St. Pauli ist auch nicht mehr das, was es mal war: Luxushotels und Neubauprojekte haben die Mieten in die Höhe getrieben. Dagegen demonstrierte am Wochenende eine bunte Gegenbewegung.

Die Protest wird größer: Ein Transparent im geplanten "Bernhard Nocht Quartier". Bild: dpa

Regentropfen fließen die sieben Meter hohe Panoramascheiben hinunter. Am Horizont versinkt die Sonne zwischen den Wolken in der Elbe. Nur ein leichtes rotes Flackern irgendwo da unten im Lichtermeer der Straßen stört die Vollkommenheit im 20. Stockwerk des Hotels Empire Riverside. Denn es ist das Flackern des Widerstands gegen das Hotel und alles, was es verkörpert.

Das Empire Riverside Hotel wurde vor zwei Jahren im Rahmen eines Neubauprojekts mitten auf St. Pauli errichtet. Wie eine Festung steht es nun da, ein Bollwerk der vermeintlichen Zukunft des Stadtteils in der reichen Freien und Hansestadt Hamburg. Mit seiner zentralen Lage ist auch St. Pauli nicht mehr sicher vor Investoren, die glaubten, sie könnten den Stadtteil durch Neubebauung und soziale Umstrukturierung für ihre Klientel interessant werden lassen. Die Zahlen scheinen ihnen Recht zu geben: 1994 kostete eine Wohnung auf St. Pauli durchschnittlich 7,70 Euro pro Quadratmeter, 2008 waren es bereits 11,40 Euro.

Und das Flackern - das ist die Gegenbewegung dazu. Dicht drängen sich Menschen vor der kleinen Bühne. Barbecue statt BNQ heißt das Motto des Straßenfests in der Bernhard-Nocht-Straße, wo in Kürze das Bernhard Nocht Quartier (BNQ) entstehen soll. Sollte das Neubauprojekt umgesetzt werden, müssten viele der alten Häuser weichen, und den Mietern - nicht wenige von ihnen Harz-IV-Empfänger - droht Vertreibung.

Doch diesmal will kaum jemand mehr tatenlos zusehen. Trotz des Regens quoll die Bernhard-Nocht-Straße am Wochenende über. Auf zwei Bühnen traten Bands auf, dazwischen zahlreiche Stände und eine Hüpfburg. Irgendwo machten polnische Punker ein kleines Lagerfeuer, eine Gruppe Jugendlicher verkaufte Würstchen aus einem mobilen Grill, hergestellt aus einem alten Einkaufswagen. Und vorm Onkel Otto an den Hafentreppen, einst das Zentrum der Hamburger Hausbesetzerszene, schwelgte man in Erinnerungen.

Aufgerüttelt durch einen Film, der seit Monaten Umlauf im Viertel hat, bewegt sich wieder etwas rund um die Reeperbahn. "Empire St.
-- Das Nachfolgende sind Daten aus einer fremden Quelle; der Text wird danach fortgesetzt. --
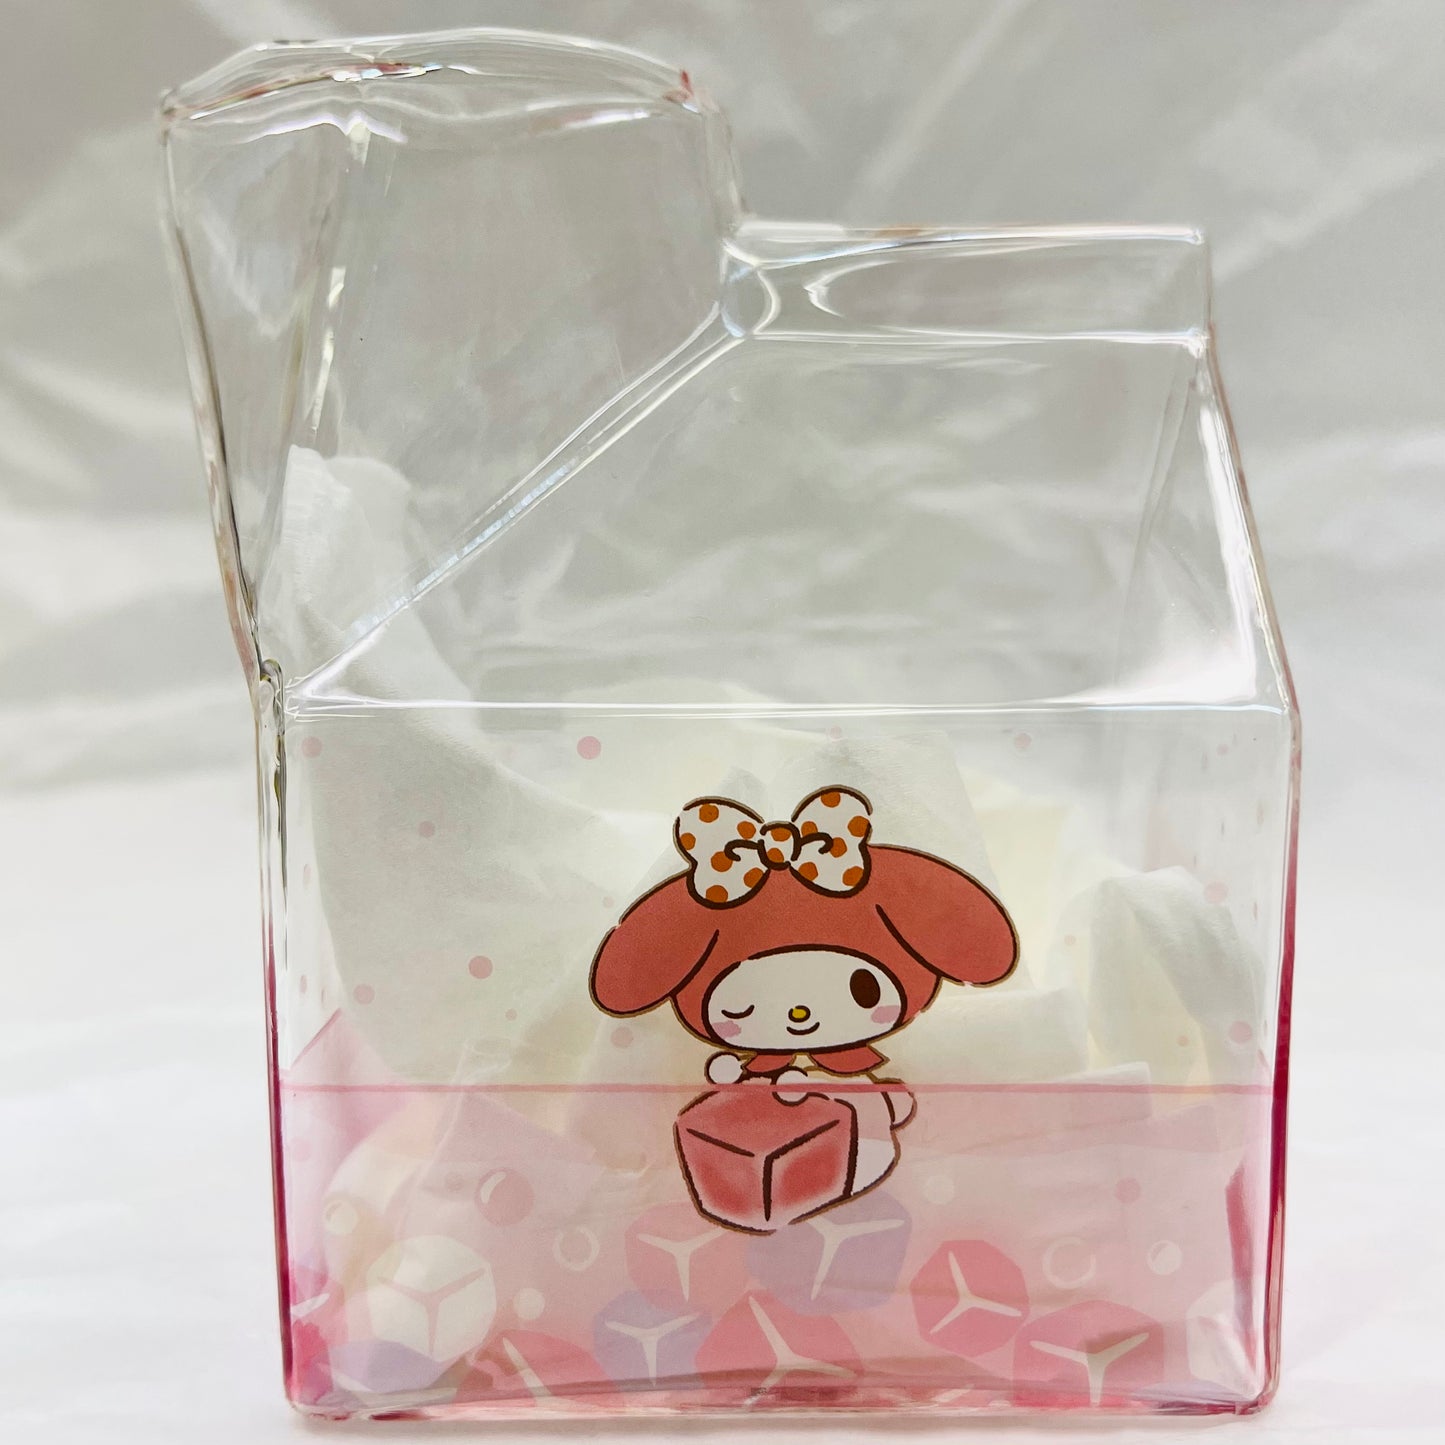 Sanrio Milk Carton Shaped Glass Cup

Pauli" zeigte seinen Bewohnern nüchtern, aber humorvoll, was da eigentlich gerade geschieht mit ihrem Stadtteil - und nun herrscht Aufbruchstimmung. Rund 30 verschiedene Gruppen haben sich zusammengeschlossen, um das neue Quartier zu verhindern. Darunter das Anti-Gentrifizierungs-Netzwerk "Es regnet Kaviar", die hedonistische Internationale und der Fanklub des FC St. Pauli.

Doch von hier oben, 90 Meter über dem Elbfluss, ist all das nur ein schwaches rotes Flackern.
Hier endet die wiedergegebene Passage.